Table bloat is a condition that if not managed, will likely hamper performance of our database. And so, this takes us back to the autovacuum process: to extract its maximum benefits, you may need to fine-tune its settings.
Postgres’s default autovacuum settings are pretty good. If you’re like me, it could have been years into your postgres journey before having a negative experience with bloat. However, when the time came I found it challenging to understand and tune these configuration settings. That’s why we will study them safely in a dev environment.

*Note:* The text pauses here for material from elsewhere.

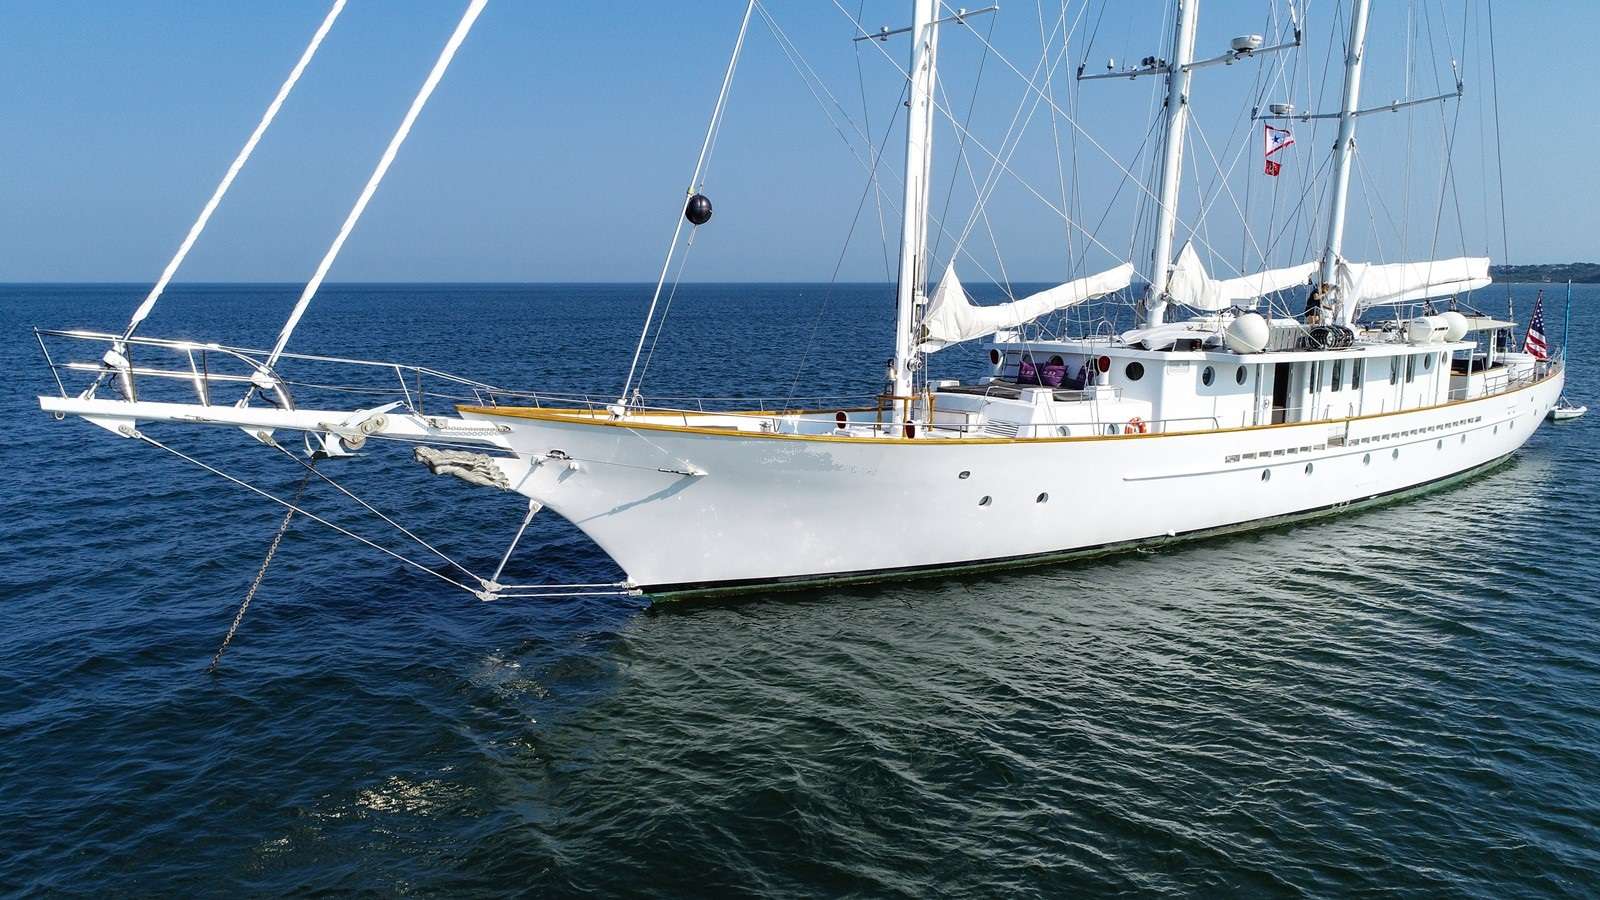 This stunning Tri-Masted Schooner is the true definition of a Classic beauty and as a Coast Guard Certified Passenger Vessel offers capabilities very few other yachts in the world can match.  She is ideal for those looking for that perfect private Family Excursion, Corporate Event or Brand Experience / Activation.  Sleeping up to 36 guests and Certified to carry up to 100 passengers for Day Charter experiences, this rare offering is one of the most versatile Sailing Superyachts in the world.  With a stellar charter history dating back to 2000, this incredible yachting lifestyle / hospitality platform can host a variety of both private charter as well as lifestyle and corporate entertainment experiences. 

Unraveling the Mystery of Bloat & Vacuum’s Role
PostgreSQL’s mechanism for handling bloat is unique due to its adherence to MVCC. Contrary to immediate space reclamation after data is deleted or becomes obsolete, Postgres tags these rows as “dead”, or “dead tuples”. However, even though they are dead they still occupy disk space and will degrade the performance of your queries. Many queries will continue to scan through these tuples, despite their “dead” status. The auto-vacuum steps in here, ensuring that these rows are removed and both the table and its associated indexes are streamlined for performance. You can’t scan the dead tuples if they no longer exist!
To illustrate, let us create some bloat and see how it affects a rowcount query:
Create a table we can easily manipulate, and let’s disable autovacuum so we can observe the consequences.
CREATE TABLE bencher (
record_id bigserial,
updated_at timestamp with time zone
);
ALTER TABLE bencher SET (autovacuum_enabled = false);
SELECT pg_reload_conf();
Now insert 10 million rows of example data.

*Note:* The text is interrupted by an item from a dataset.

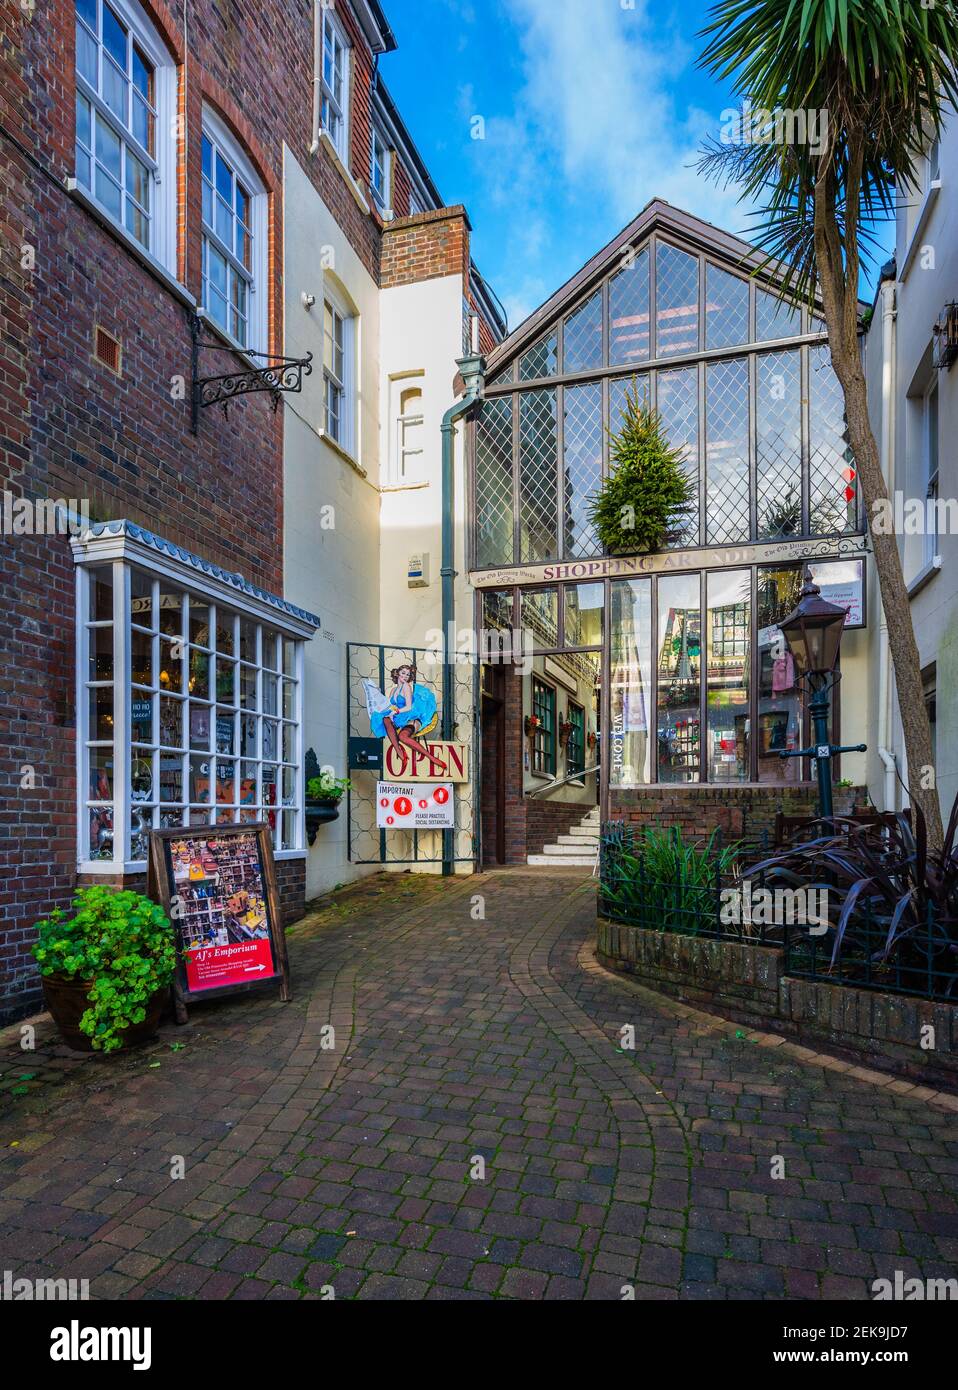 The Old Printing Works Shopping Arcade entrance in Arundel, West Sussex, England, UK. Stock Photo

INSERT INTO bencher(updated_at)
SELECT now()
FROM generate_series(1, 10000000);
We just created the table, and have only inserted records, so there are currently no dead tuples.
SELECT
schemaname,
relname,
n_dead_tup,
n_live_tup
FROM pg_stat_user_tables
WHERE relname = 'bencher';
schemaname | relname | n_dead_tup | n_live_tup
------------+---------+------------+------------
public | bencher | 0 | 10000000
Let’s see how long it takes to get a rowcount with no bloat.
\timing
select * from bencher where record_id = 5000000;
record_id | updated_at
-----------+-------------------------------
5000000 | 2023-08-30 14:42:05.584778+00
(1 row)
Time: 191.006 ms
Great, 191ms. Slow, yes but we have no indices because we’re demonstrating bloat. Now lets create a bunch of dead tuples. This can take a minute or so.
DO $$
DECLARE
i integer;
BEGIN
FOR i IN 1..5 LOOP
UPDATE bencher SET updated_at = now();
END LOOP;
END $$;
Now, lets see how long it takes to fetch the same record:
select * from bencher where record_id = 5000000;
record_id | updated_at
-----------+-------------------------------
5000000 | 2023-08-30 14:42:58.964919+00
(1 row)
Time: 283.728 ms
It’s getting closer to 300ms now. Let’s check how many dead tuples are on the table.
SELECT
schemaname,
relname,
n_dead_tup,
n_live_tup
FROM pg_stat_user_tables
WHERE relname = 'bencher';
schemaname | relname | n_dead_tup | n_live_tup
------------+---------+------------+------------
public | bencher | 50000000 | 10000000
Now let’s manually clean up the dead tuples and restore our query performance.
VACUUM FULL bencher;
And check the dead tuple count, there are no dead tuples.
SELECT
schemaname,
relname,
n_dead_tup,
n_live_tup
FROM pg_stat_user_tables
WHERE
n_dead_tup > 0 --needed to avoid division by zero
and relname = 'bencher';
schemaname | relname | n_dead_tup | n_live_tup
------------+---------+------------+------------
public | bencher | 0 | 10000000
Finally, let’s retrieve the record. Performance restored!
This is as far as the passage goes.